Problem
For some time, I've been facing this issue on my Jupyter Notebook files.
Import "torch" could not be resolved Pylance(reportMissingImports)
This error was frustrating for the following reasons.
- The error appears on some Jupyter Notebooks but sometimes it doesn't.
- Packages like Django didn't have such errors. But when I used torch, this error frequently arose.
- This means I don't get any suggestion right next to
nn.
on vscode. Missing autocomplete feature while scripting in torch was a nusiance.
So I double-checked my VSCode and Python environment.
- torch library was properly installed as expected.
- I already selected proper python interpreter for that jupyter kernal.
Diagnosis
To begin with, I had to understand what Pylance was. Pylance is useful extension in VSCode.
- Pylance helps autocompletion when working in Python.
- You can check what is under the hood for the imported library while pressing CMD key.
- It is faster than Jedi and is compatible for Jupyter Notebook.
I suspected that my Python version management environment pyenv could be the source of the problem.
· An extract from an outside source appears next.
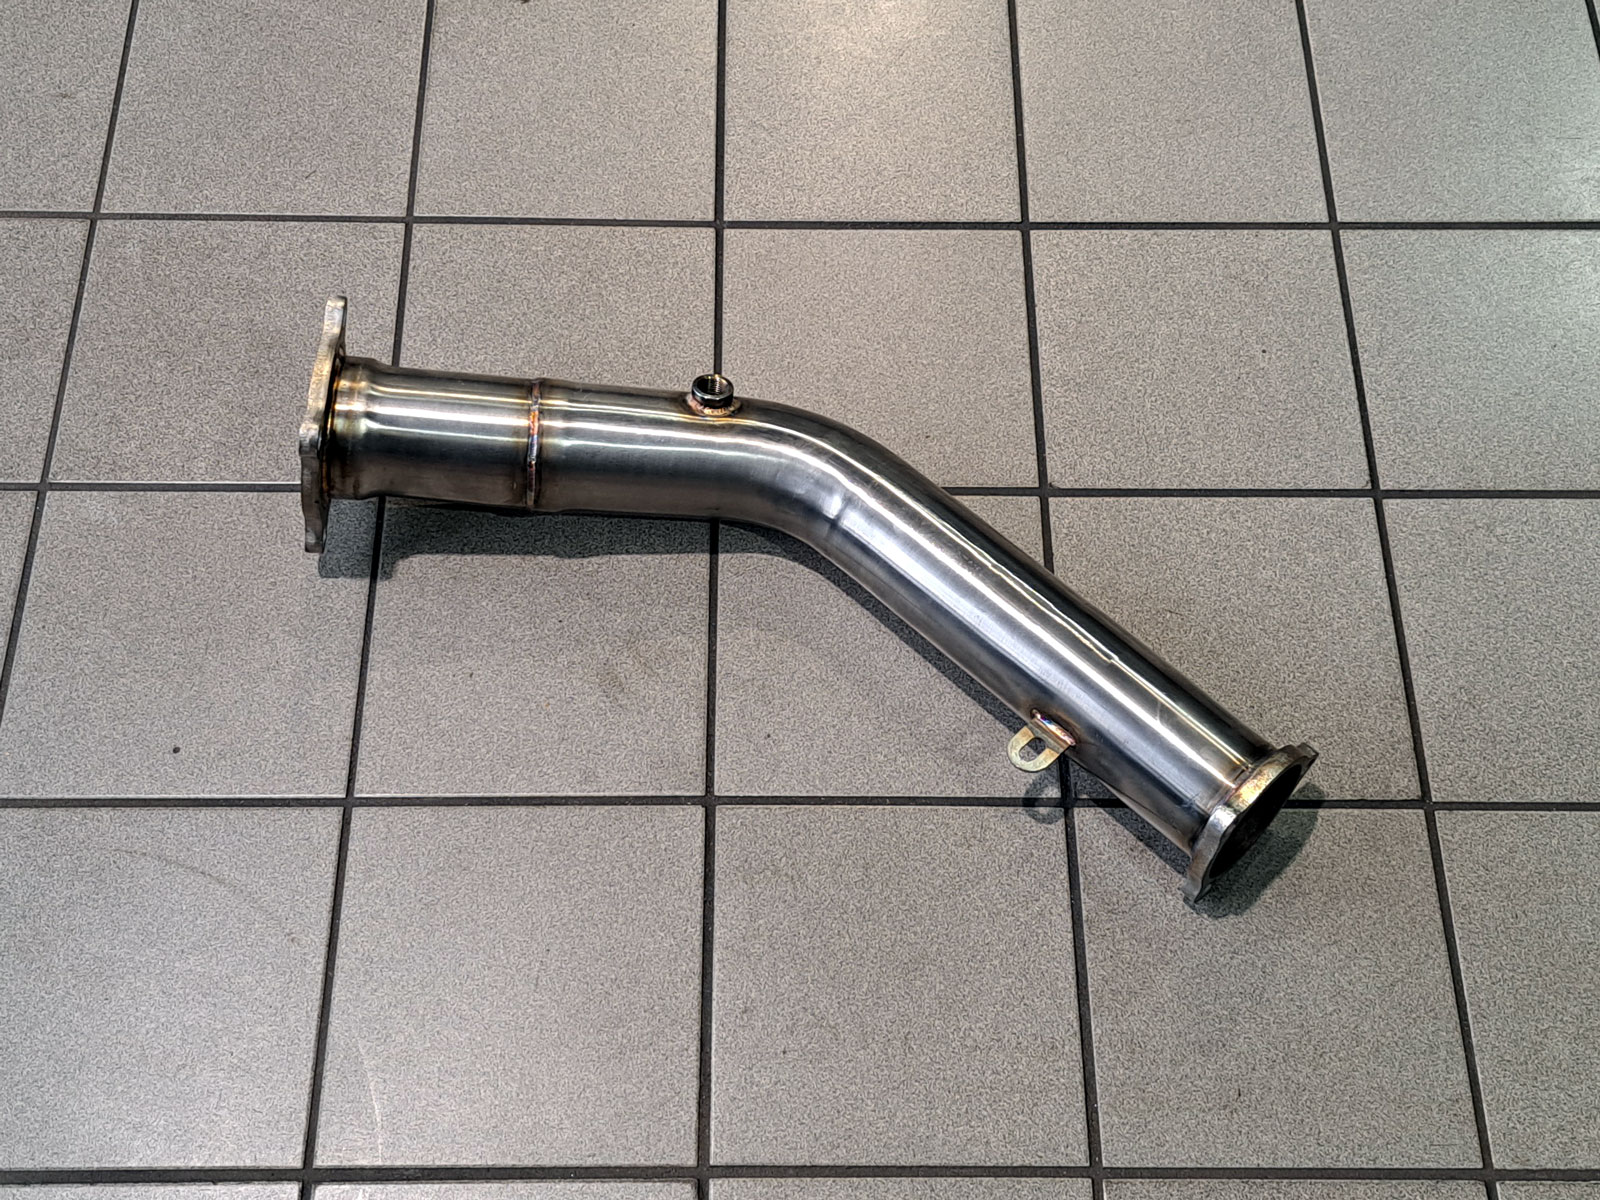 Audi Q5 2.0 TFSI - Stainless Steel Decat Pipe

- I didn't install torch library for my local Python 3.8.3.
- I previously installed Django library on my local Python 3.8.3. This explains why Pylance was able to detect Django classes but not Pytorch classes.
- I used pyenv to separate virtual environments on my laptop. My pyenv virtual environment did have torch library.
Conclusion
I realized that Pylance was connected to my local Python 3.8.3, not to my virtual environment.
Thus I added .vscode/config.json
file to my working directory. This file will inform my Pylance library to look for which Python to connect to.
I added path of my pyenv virutalenvironment to .vscode/config.json
.
{
"python.analysis.extraPaths": [
"/Users/noopy/.pyenv/versions/3.8.3/envs/aitech/lib/python3.8"
]
}
Now it works!
FYI, If you don't want to go through such procedures, you can just install torch library for your local python environment. Then Pylance will be able to detect based on that package you installed on the local python. However, I didn't want to install any packages on my local python environment being afraid of version collision between NLP and Computer Vision projects. Thus I chose the method above instead.